New human experiences demand new words to describe them and new garments in which to experience them. Last summer at Zegna, Alessandro Sartori used the term phygital to describe his house’s first foray into a hybrid show format that compensated for the lack of IRL with a massively amplified online articulation. Although Sartori acknowledged in a preview this week that the portmanteau has been used before—“in photography and software”—he added that the term felt fit-for-purpose to describe a new form of show “in which for the majority of people who would not have been at the show physically there is a lot more to see and understand.”
While phygital has since been widely adopted across the industry, it is not the only Zegna-driven innovation Sartori is plotting to place in fashion’s vernacular.
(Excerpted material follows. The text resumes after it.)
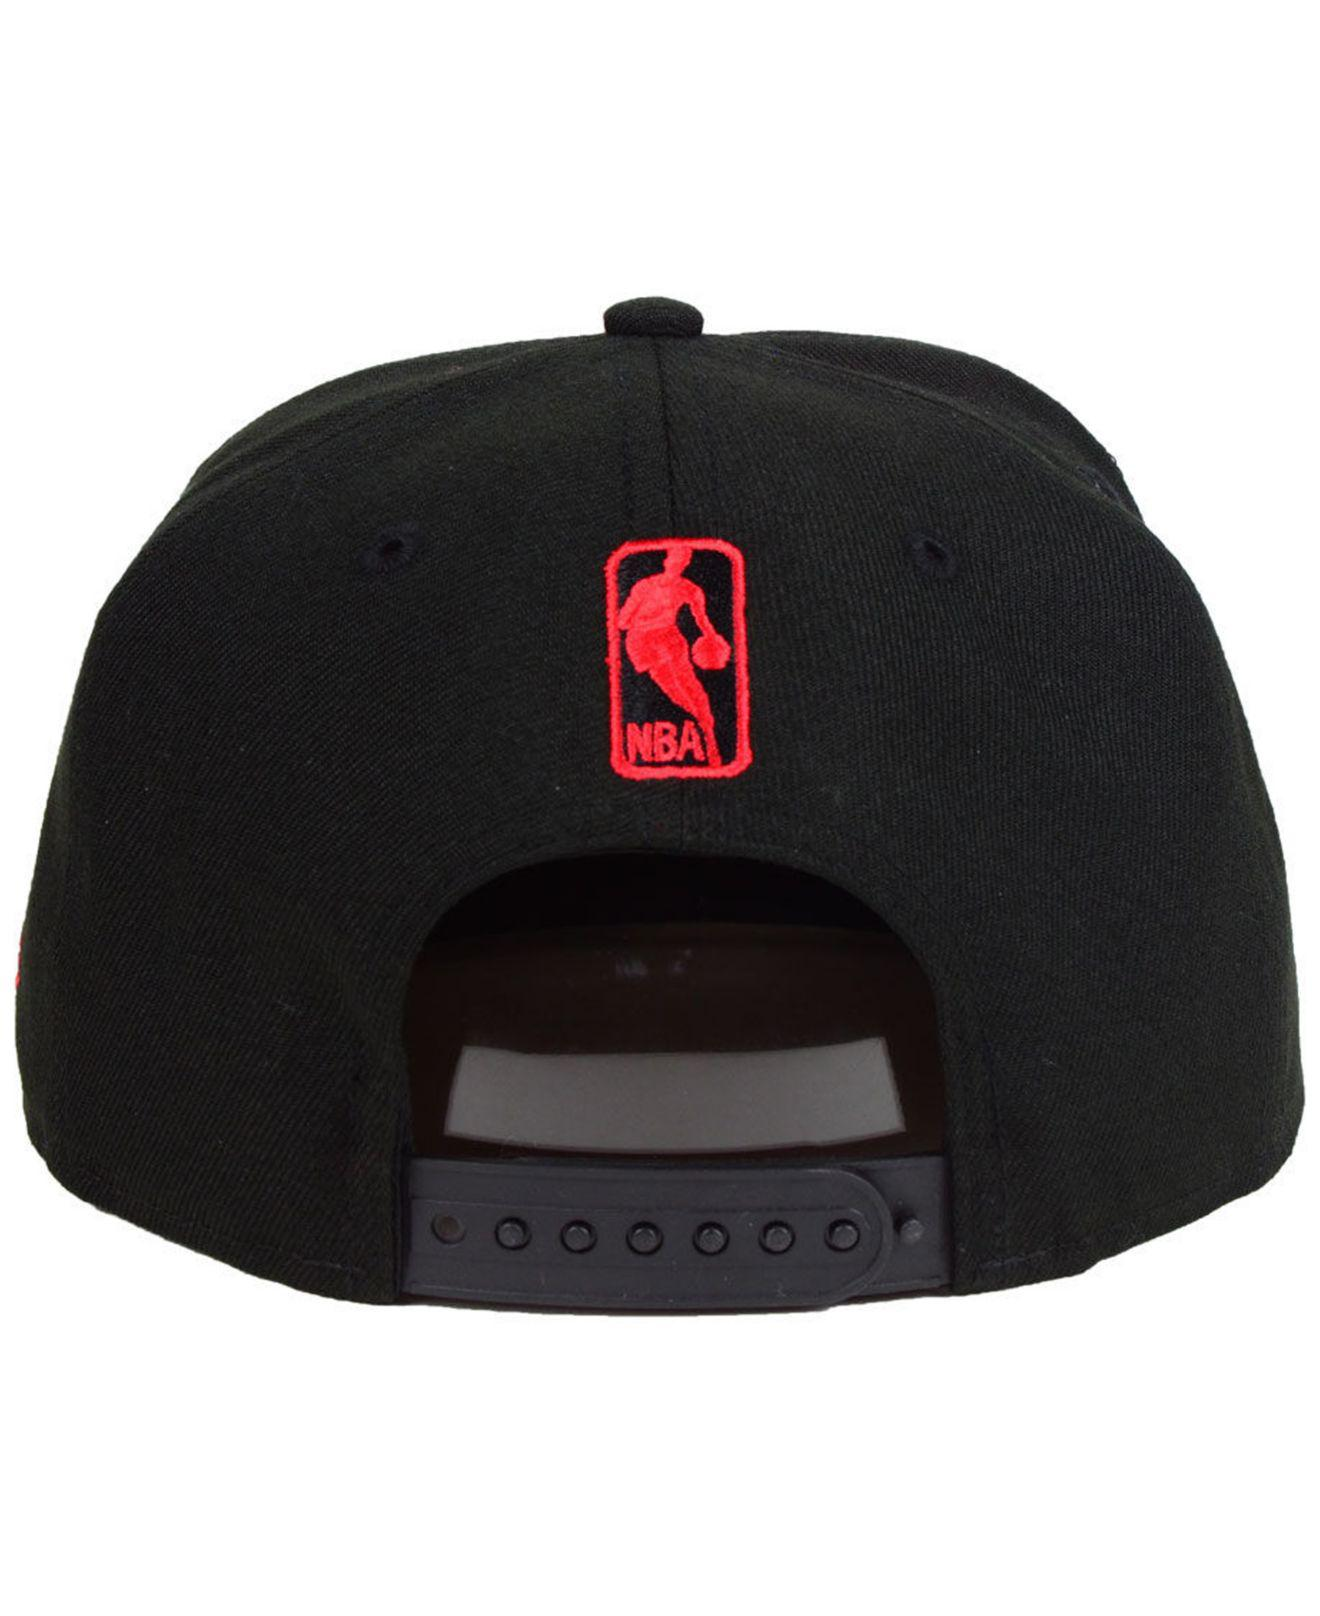 huge discount 4e5f8 4c9b6 Lyst - KTZ Los Angeles Clippers Circular 9fifty Snapback Cap in Black for  Men

Hand in hand with this updating of the texts and yarns of his house’s storytelling vocabulary, he is working to shape a new menswear dialect that fits a reshaped world. That world was evoked in a film showing his models walking through various landmarks of “New” Milan, including Piazza Olivetti, the new Bocconi campus, and Zegna’s own HQ.
Just like the architecture in which they were framed, the clothes on show were hyper-contemporary yet contained echoes of past forms; some jackets in suede or felted cashmere bore lapels split at the collarbone, or pockets cut on the hip. Fine knit or even nylon turtlenecks—loose at the throat to create a fresh substitute for the shirt collar and consign to history the tie—had buttonable cuff details.
These details were nods to a lineage of traditional tailoring that increasingly seems relegated to habit and history, yet the philosophy of tailoring was refreshed and applied to forms once deemed beyond it. Chore coats, updated leisure suits, and softened outwear—often with slit sides to allow the hands to nestle in cozy internal pockets—will all be offered on a made-to-measure basis for men and women. Like the single shoe style of the collection—a rubber-sole, shearling-lined slipper—these garments were built to service a post-pandemic world in which business life is expanded beyond the office to the home, or as Sartori put it, “a world where the indoor and the outdoor are colliding.” The indoor world was shown via a studio set of 12 open-wall rooms in which the models lived their best Zegna lives, sometimes connected, sometimes apart.
To reflect Sartori’s collision, traditional tweeds were presented in sportswear-informed full looks. The canonical pattern of houndstooth was reproduced and in sections distorted on jacquard outerwear and knitwear as a graphic nod to the accelerated unraveling of long-entrenched ways of living and working. Sportswear was further luxurified, but not made precious, in some outrageous but highly wearable shearling sweatpants. A high-neck sleeveless gray tabard in felted cashmere was a workwear-reminiscent buffer garment that you could see making the jacket redundant.
The striped jacquard wool suit and overcoat and many of the cashmere jersey pieces were in line with the Zegna “Use the Existing” policy of presenting its collections in fabrics made from materials recovered during the manufacturing process, a philosophy that is continuously being expanded in partnership with house suppliers to apply right down to shoe linings. Other items, like a long green coat in quilted suede or oversized sweaters decorated with stitched leather, might have been entirely new to existence yet demanded to be worn into vintage old age.
Sartori and his team called this collection “The (Re)Set”: It represented an ambitious refiguring for a house that is working to coin the clothes of the future rather than rely on the return of past habits.